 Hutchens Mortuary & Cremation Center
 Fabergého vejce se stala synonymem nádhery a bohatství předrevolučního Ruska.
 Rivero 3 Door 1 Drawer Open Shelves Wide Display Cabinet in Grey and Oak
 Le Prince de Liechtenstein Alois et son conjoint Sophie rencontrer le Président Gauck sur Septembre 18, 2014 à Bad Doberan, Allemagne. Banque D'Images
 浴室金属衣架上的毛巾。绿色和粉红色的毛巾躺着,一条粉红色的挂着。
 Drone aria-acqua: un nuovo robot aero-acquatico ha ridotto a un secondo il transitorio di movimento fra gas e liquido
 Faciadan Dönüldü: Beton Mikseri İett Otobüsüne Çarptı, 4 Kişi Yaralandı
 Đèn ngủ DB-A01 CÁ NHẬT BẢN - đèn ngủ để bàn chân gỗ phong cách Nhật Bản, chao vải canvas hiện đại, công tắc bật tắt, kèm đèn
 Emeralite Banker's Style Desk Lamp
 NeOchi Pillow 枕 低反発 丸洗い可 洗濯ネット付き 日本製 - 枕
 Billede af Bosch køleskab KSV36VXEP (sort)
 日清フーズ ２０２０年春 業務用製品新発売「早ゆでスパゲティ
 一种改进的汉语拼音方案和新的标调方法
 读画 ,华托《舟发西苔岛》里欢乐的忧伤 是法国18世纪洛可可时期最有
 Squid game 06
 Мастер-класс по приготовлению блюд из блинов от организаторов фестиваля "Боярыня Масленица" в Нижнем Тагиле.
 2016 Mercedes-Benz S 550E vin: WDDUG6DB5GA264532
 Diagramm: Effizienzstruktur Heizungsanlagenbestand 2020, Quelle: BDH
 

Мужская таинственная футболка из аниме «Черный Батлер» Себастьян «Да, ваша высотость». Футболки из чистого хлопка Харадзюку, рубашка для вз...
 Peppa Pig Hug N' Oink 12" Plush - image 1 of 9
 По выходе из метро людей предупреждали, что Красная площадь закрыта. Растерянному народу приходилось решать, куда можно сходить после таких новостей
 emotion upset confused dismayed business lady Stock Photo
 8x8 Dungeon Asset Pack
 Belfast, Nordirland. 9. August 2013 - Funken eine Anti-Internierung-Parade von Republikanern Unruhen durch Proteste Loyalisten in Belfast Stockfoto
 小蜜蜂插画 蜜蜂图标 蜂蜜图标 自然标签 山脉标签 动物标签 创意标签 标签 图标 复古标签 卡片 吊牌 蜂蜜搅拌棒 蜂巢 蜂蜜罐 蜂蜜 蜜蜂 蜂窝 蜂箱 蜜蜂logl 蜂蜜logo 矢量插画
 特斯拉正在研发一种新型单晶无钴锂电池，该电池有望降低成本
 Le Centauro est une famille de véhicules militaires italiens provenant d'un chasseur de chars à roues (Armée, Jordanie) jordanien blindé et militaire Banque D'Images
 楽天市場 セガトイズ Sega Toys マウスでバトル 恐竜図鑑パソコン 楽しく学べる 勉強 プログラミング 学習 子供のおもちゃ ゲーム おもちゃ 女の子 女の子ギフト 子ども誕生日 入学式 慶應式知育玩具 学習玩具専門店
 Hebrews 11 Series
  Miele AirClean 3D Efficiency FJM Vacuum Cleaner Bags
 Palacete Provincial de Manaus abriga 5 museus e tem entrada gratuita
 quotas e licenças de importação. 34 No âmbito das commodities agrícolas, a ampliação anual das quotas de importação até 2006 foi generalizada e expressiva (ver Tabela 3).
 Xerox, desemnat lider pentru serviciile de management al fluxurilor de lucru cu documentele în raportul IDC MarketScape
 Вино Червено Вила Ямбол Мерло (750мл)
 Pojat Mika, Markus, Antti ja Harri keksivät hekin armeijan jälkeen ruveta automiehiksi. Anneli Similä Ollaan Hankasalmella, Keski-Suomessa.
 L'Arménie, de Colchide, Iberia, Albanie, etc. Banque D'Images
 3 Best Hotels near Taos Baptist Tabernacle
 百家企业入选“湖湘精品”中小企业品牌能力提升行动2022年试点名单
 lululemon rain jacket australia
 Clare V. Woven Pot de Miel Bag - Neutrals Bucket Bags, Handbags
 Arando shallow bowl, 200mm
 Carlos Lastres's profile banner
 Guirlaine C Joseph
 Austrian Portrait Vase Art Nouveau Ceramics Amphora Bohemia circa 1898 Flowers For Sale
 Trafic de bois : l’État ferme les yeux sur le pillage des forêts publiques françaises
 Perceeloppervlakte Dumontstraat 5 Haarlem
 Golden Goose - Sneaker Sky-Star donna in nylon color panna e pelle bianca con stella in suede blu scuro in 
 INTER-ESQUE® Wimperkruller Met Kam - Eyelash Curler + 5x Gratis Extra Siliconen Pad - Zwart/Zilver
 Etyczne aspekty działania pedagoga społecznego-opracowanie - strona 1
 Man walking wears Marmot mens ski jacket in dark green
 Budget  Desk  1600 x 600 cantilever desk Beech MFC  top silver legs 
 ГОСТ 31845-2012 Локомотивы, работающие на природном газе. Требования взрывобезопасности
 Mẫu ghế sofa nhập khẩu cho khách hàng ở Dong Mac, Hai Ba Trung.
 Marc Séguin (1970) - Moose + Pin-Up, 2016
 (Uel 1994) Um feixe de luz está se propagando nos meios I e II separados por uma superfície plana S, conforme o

▬▬▬▬▬▬▬▬▬▬

§ **What you need to do**
Copy the lines above exactly, beginning at the line that has "Faciadan Dönüldü: Beton" and stopping after the line that has "Squid game 06", and omit the rest.

§ **Response to the exercise**
 Faciadan Dönüldü: Beton Mikseri İett Otobüsüne Çarptı, 4 Kişi Yaralandı
 Đèn ngủ DB-A01 CÁ NHẬT BẢN - đèn ngủ để bàn chân gỗ phong cách Nhật Bản, chao vải canvas hiện đại, công tắc bật tắt, kèm đèn
 Emeralite Banker's Style Desk Lamp
 NeOchi Pillow 枕 低反発 丸洗い可 洗濯ネット付き 日本製 - 枕
 Billede af Bosch køleskab KSV36VXEP (sort)
 日清フーズ ２０２０年春 業務用製品新発売「早ゆでスパゲティ
 一种改进的汉语拼音方案和新的标调方法
 读画 ,华托《舟发西苔岛》里欢乐的忧伤 是法国18世纪洛可可时期最有
 Squid game 06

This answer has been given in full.